# Cree XP-G R5 vs Cree XML-U2



## JohnMcL7 (Jul 26, 2013)

I started night riding last year and after trying some different lights I settled on a pair of cheap XML-U2's in Ultrafire 502B clones (one handlebar mounted, one helmet mounted) which worked well. A local bikeshop is clearing out of Exposurelights Race Mk7's so they're offering a decent discount on them, according to the spec they have two XP-G R5's which from limited research seem to be the model that came before the XML's and not as bright?

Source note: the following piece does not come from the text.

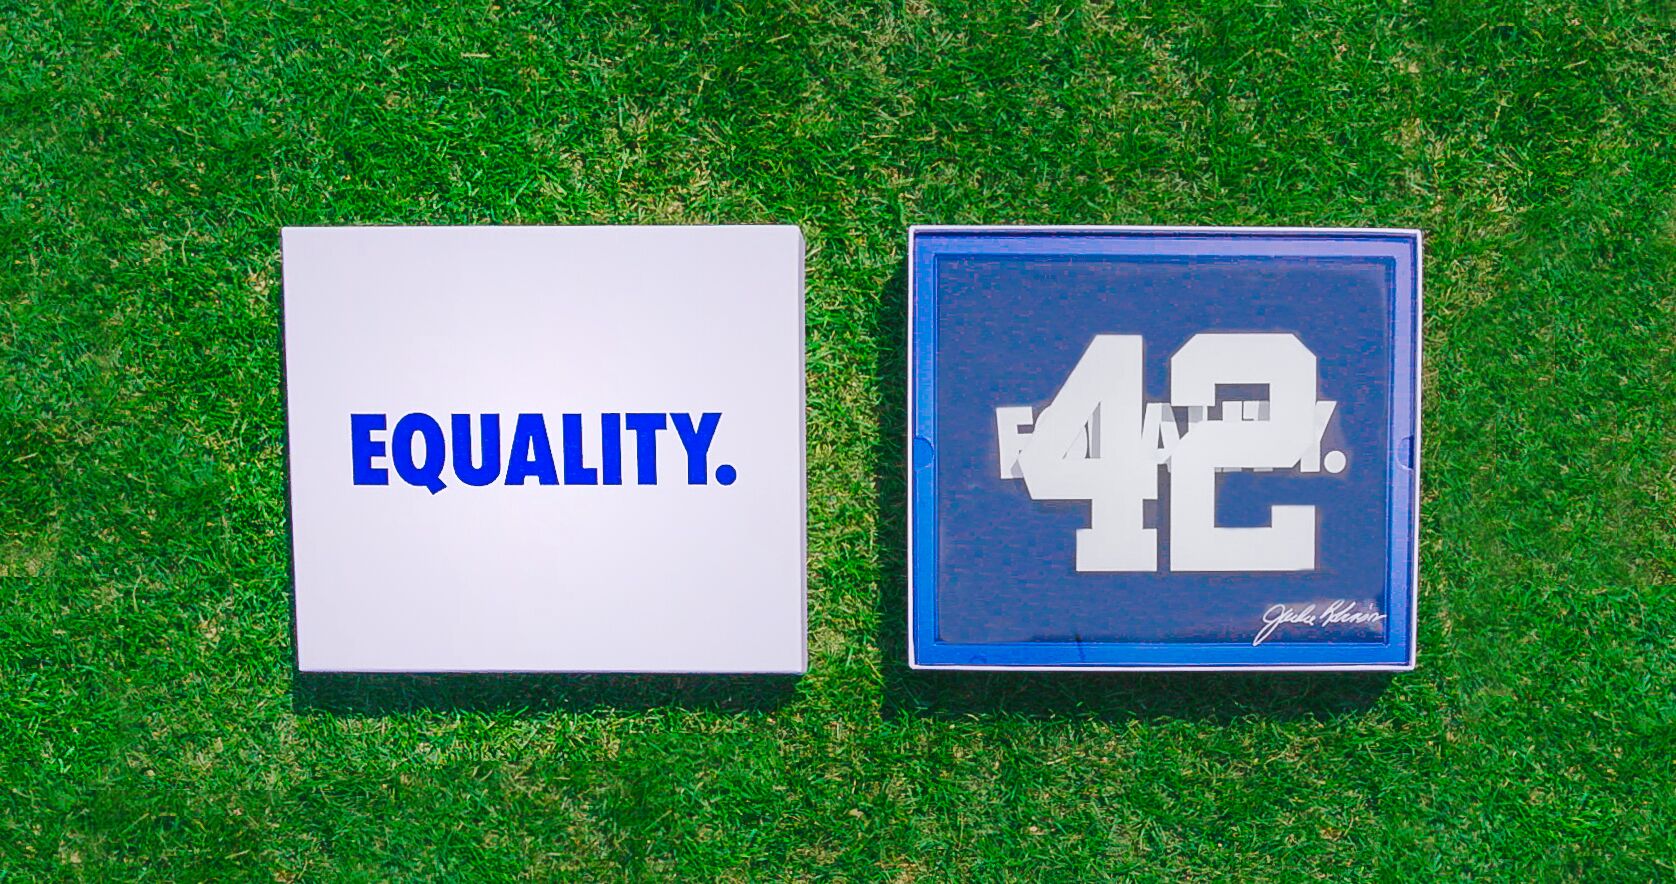 Nike Equality 42 jackie robinson

I realise the numbers don't tell the whole story so I'm wondering if the Exposurelights are worth considering? I'm not too fussed about the reliability of the lights I've been using as I have spare lights with the expectation that the originals would die on me (although it hasn't happened yet)

Thanks for any thoughts,
John


----------



## indebt (Nov 8, 2009)

This is one of those quality Vs performance scenarios. A duel R-5 set up is only going to have aprox 550 true lumens, less than a single U-2 in most cases which is aprox 700/750 lumens. If your 502B clone's are just a single led set up,,,, and the price is really good on the Mk7, i'd go with the Exposure Mk7, but i'm a bit bias as I do prefer quality for the riding areas I ride in. But as you mentioned, if not concerned about reliability and performance is most important stick with what you have until you feel like taking the plunge on a quality XM-L2 system.


----------



## JohnMcL7 (Jul 26, 2013)

It's not so much I'm not concerned about reliability, it's just that in a year of riding I haven't had a single failure with the current lights and their performance is excellent. If the exposure lights are a stepdown from the xml-u2's then it sounds like they're note worth considering. 

John


----------



## varider (Nov 29, 2012)

I don't know much about the Exposure lights, other than they are a quality brand, but I'm not sure I would buy an older model right now. The reason being is that that everyone is about to come out with XM-L2 light which are upgrades to XM-L's. There's also an XP-G2 that are coming out. So you are buying old tech with those Exposure's for what is probably still a high price.


----------